ASSIGNMENT: After locating the line that contains "Aménagement d'un jardin public", transcribe exactly that line and each one after it until the data ends, skipping pictures.

DATA EXTRACT:
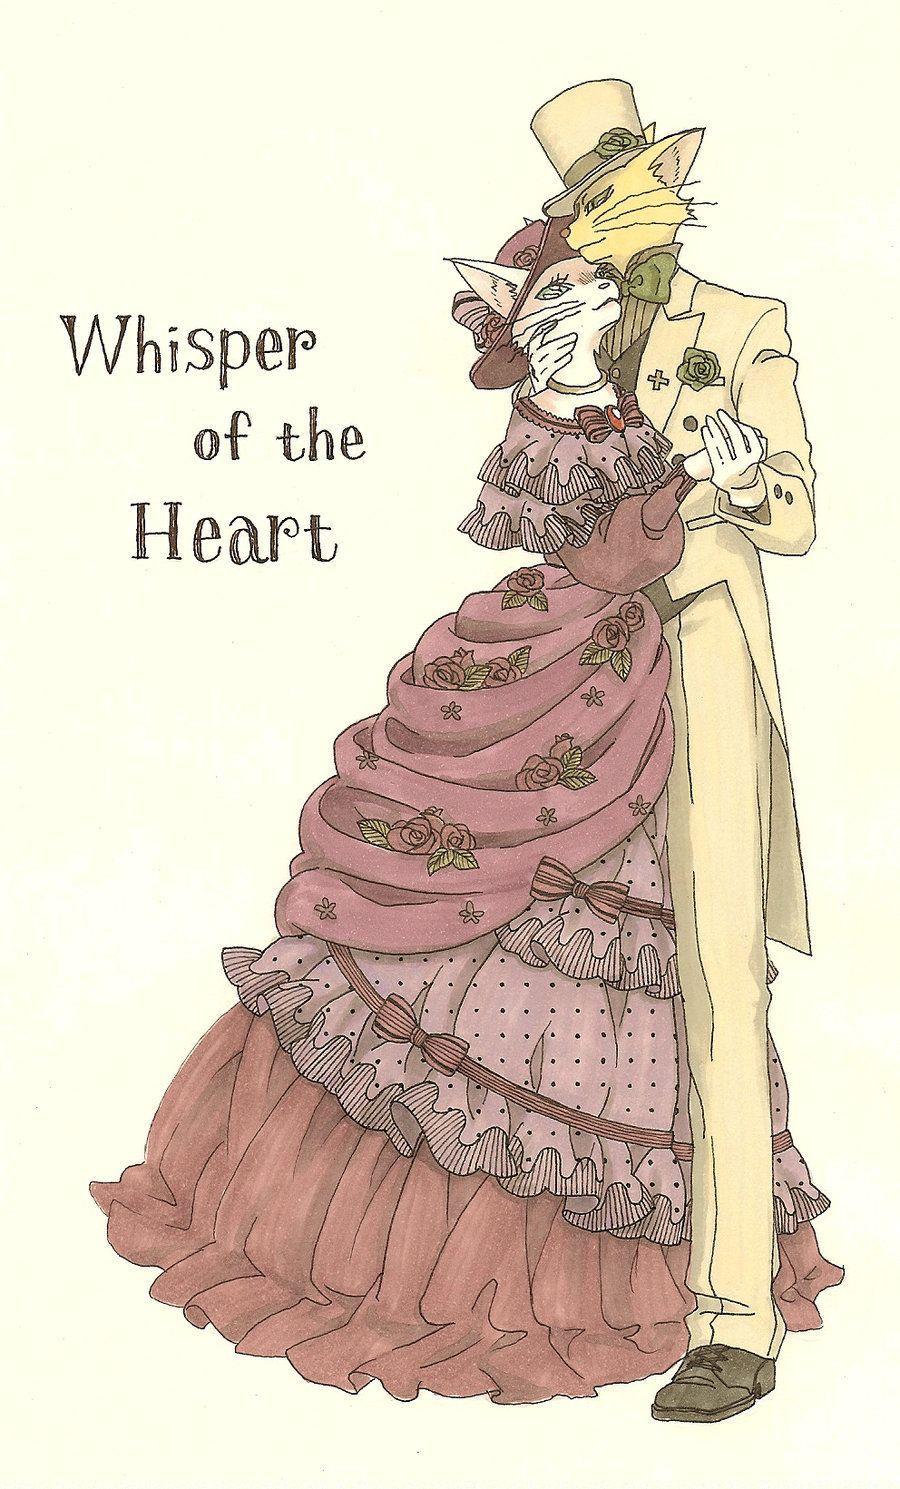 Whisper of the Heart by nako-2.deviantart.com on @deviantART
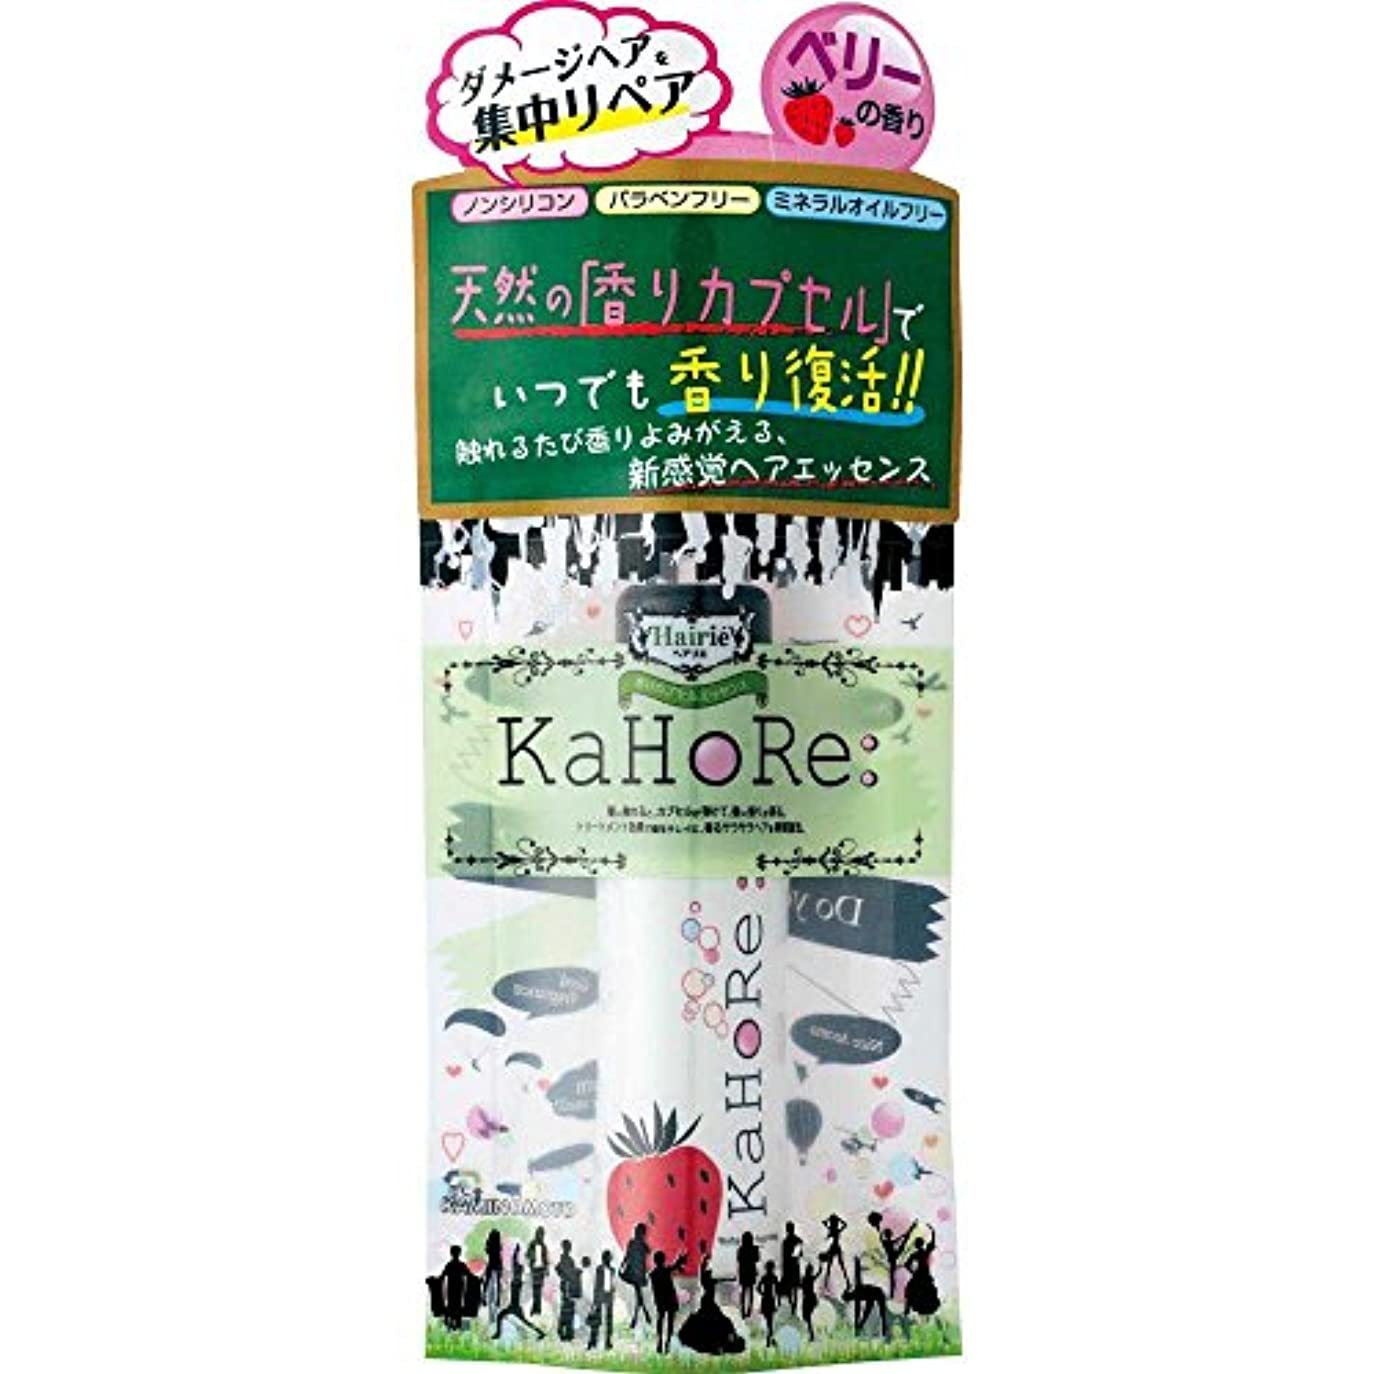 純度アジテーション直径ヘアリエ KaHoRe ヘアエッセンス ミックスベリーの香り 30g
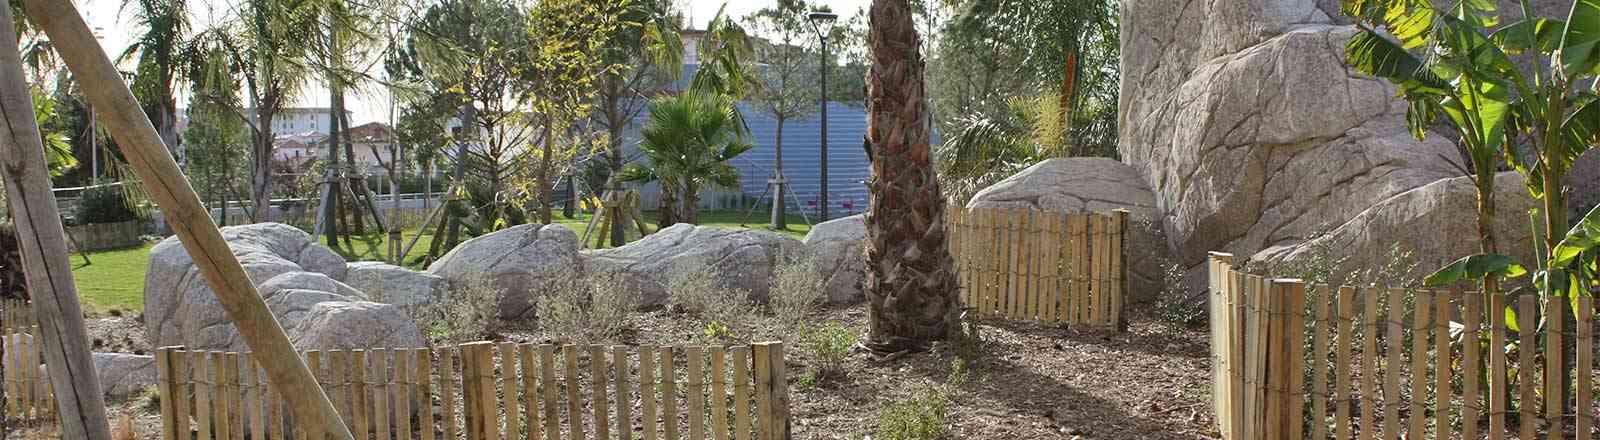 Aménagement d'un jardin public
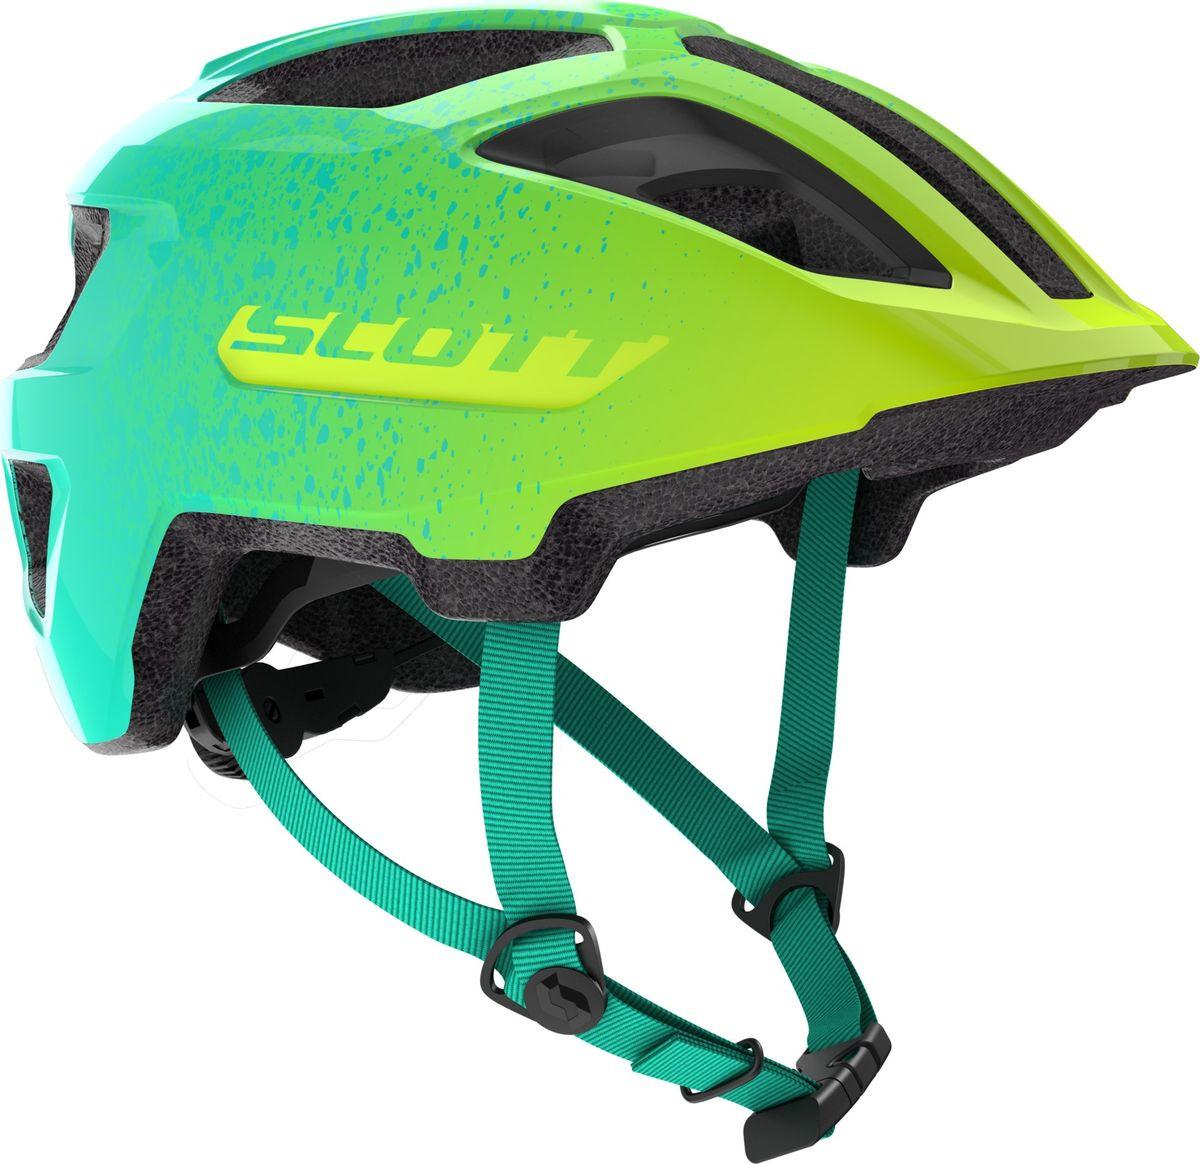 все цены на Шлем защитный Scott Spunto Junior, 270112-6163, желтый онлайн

RESULT OF THE EXERCISE:
 Aménagement d'un jardin public
 все цены на Шлем защитный Scott Spunto Junior, 270112-6163, желтый онлайн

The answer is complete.